さて、やっと本題。以上の話をした後で、いつもこの話をするんですが、俺は車の運転が怖いのですね。で、ある時に何でだろうと考えました(お前が運転が下手だからとかいったツッコミはなし)。

2011-05-25 16:19:57
KoichiroKOKUBUN國分功一郎 @lethal_notion

で、気がついたんです、俺らには自然権がある。普段は社会状態を生きているからそのことに気がつかない。いや、その事実は隠蔽されている。
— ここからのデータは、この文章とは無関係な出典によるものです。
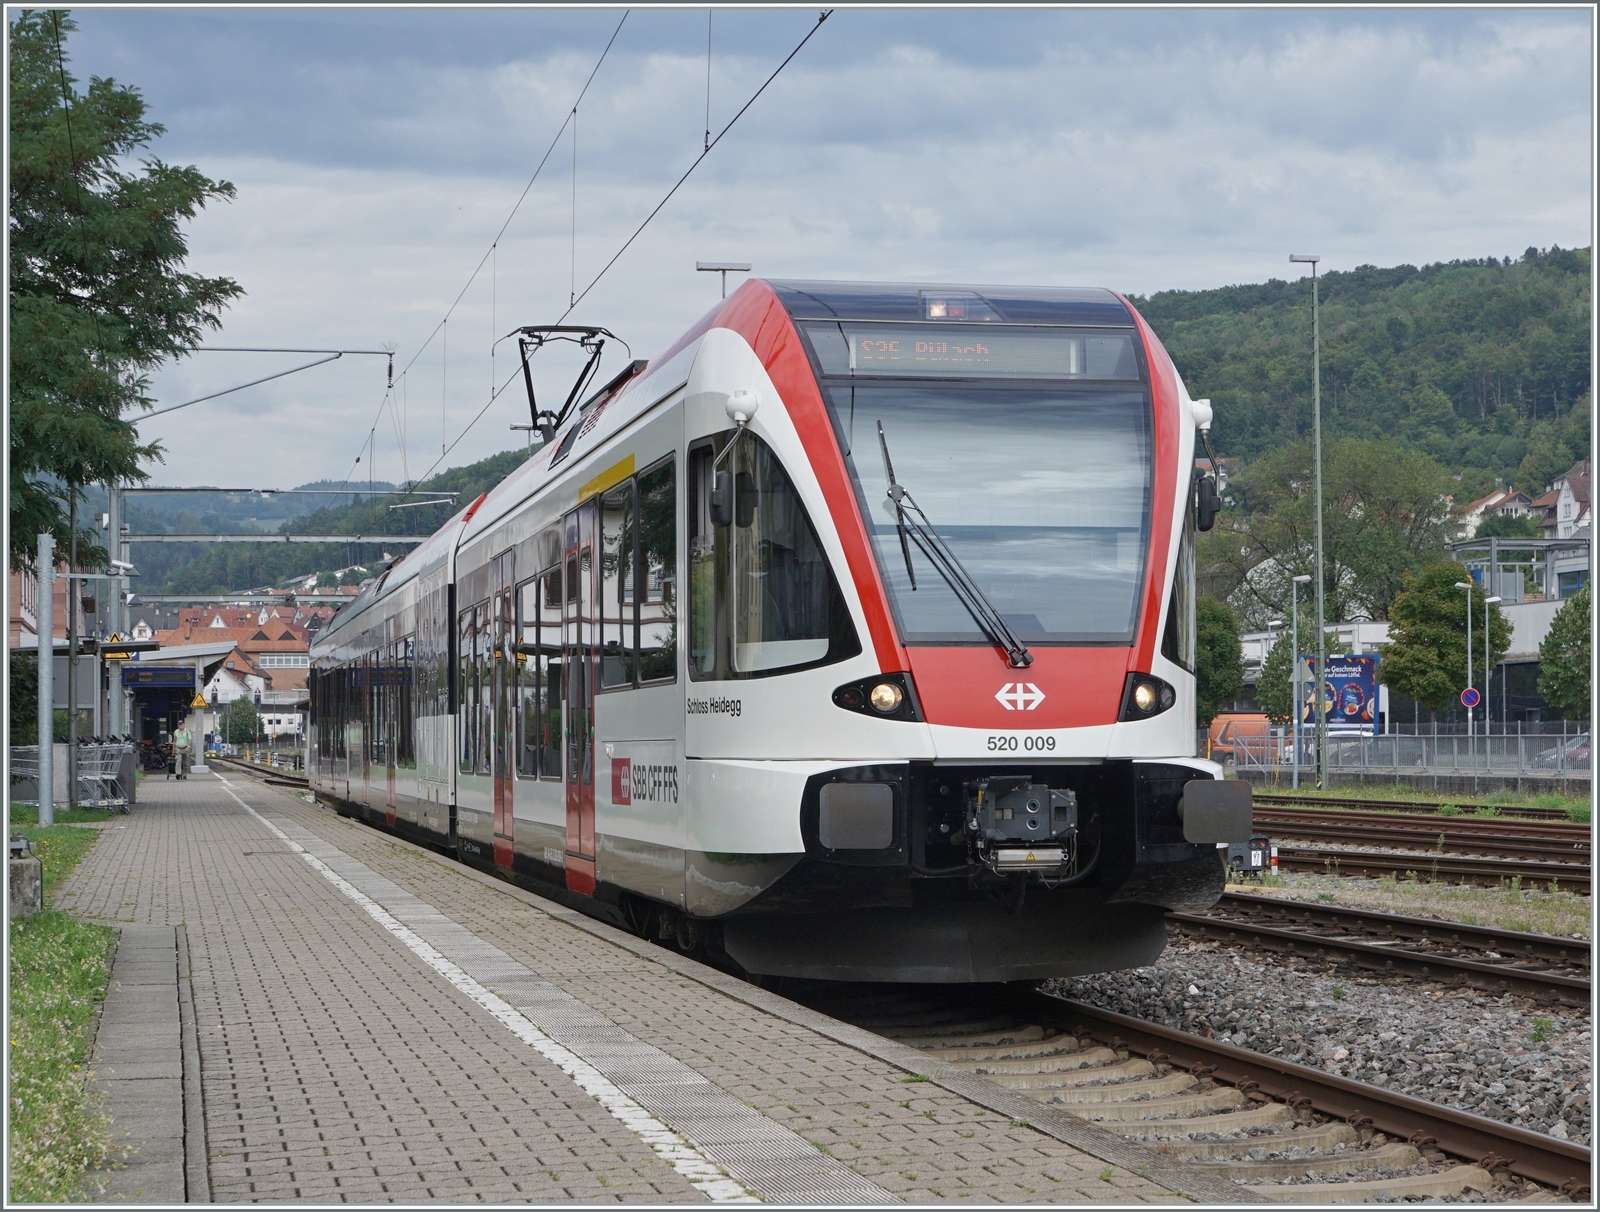 Im deutschen Waldshut wartet der Schmaltriebwagen RABe 520 009 als S-Bahn nach Bülach auf die Abfahrt. Die Schmaltriebwagen wurden für die Seetalbahn bestellt, da dort Profileinschränkungen geplant waren, die aber glücklicherweise nicht ausgeführt wurden.

6. September 2022

でも、車に乗るとその事実をマジマジと見せつけられるのではないか。

2011-05-25 16:23:45
KoichiroKOKUBUN國分功一郎 @lethal_notion

なぜといって、もし俺がふとハンドルを切ったりしたら、大事故が起こる。前から来る車に正面衝突も可能。やろうと思えばなんだってできる。しかも、甚大な影響を及すようなことができる。ただ、その後で罰せられるだけです。

2011-05-25 16:23:31
KoichiroKOKUBUN國分功一郎 @lethal_notion

俺が車の運転がこわかったのは、自分は自然権をきちんと保有しているという普段かくされている事実に直面するからではないか。(お前、そうやって運転が下手なことを自己弁護するな、ってツッコミはなし)

2011-05-25 16:26:22
KoichiroKOKUBUN國分功一郎 @lethal_notion

この話をしたら、昨夕のツイートした話を学生が書いてきたんですね。彼もまた、自分には自然権があって、それを何かのひょうしに行使してしまうかもしれない、配膳中に皿を持つ指の力を緩めてしまうかもしれないと思ったことを思い出したのでしょう。

2011-05-25 16:28:56
KoichiroKOKUBUN國分功一郎 @lethal_notion

さて、こんな感じです。軽く説明しようと思ったら、すげー時間かかった。高崎で新幹線乗った時に書き始めて、もう最寄駅の新小平に着いてしまいました。ちょっと疲れた。連投失礼しました。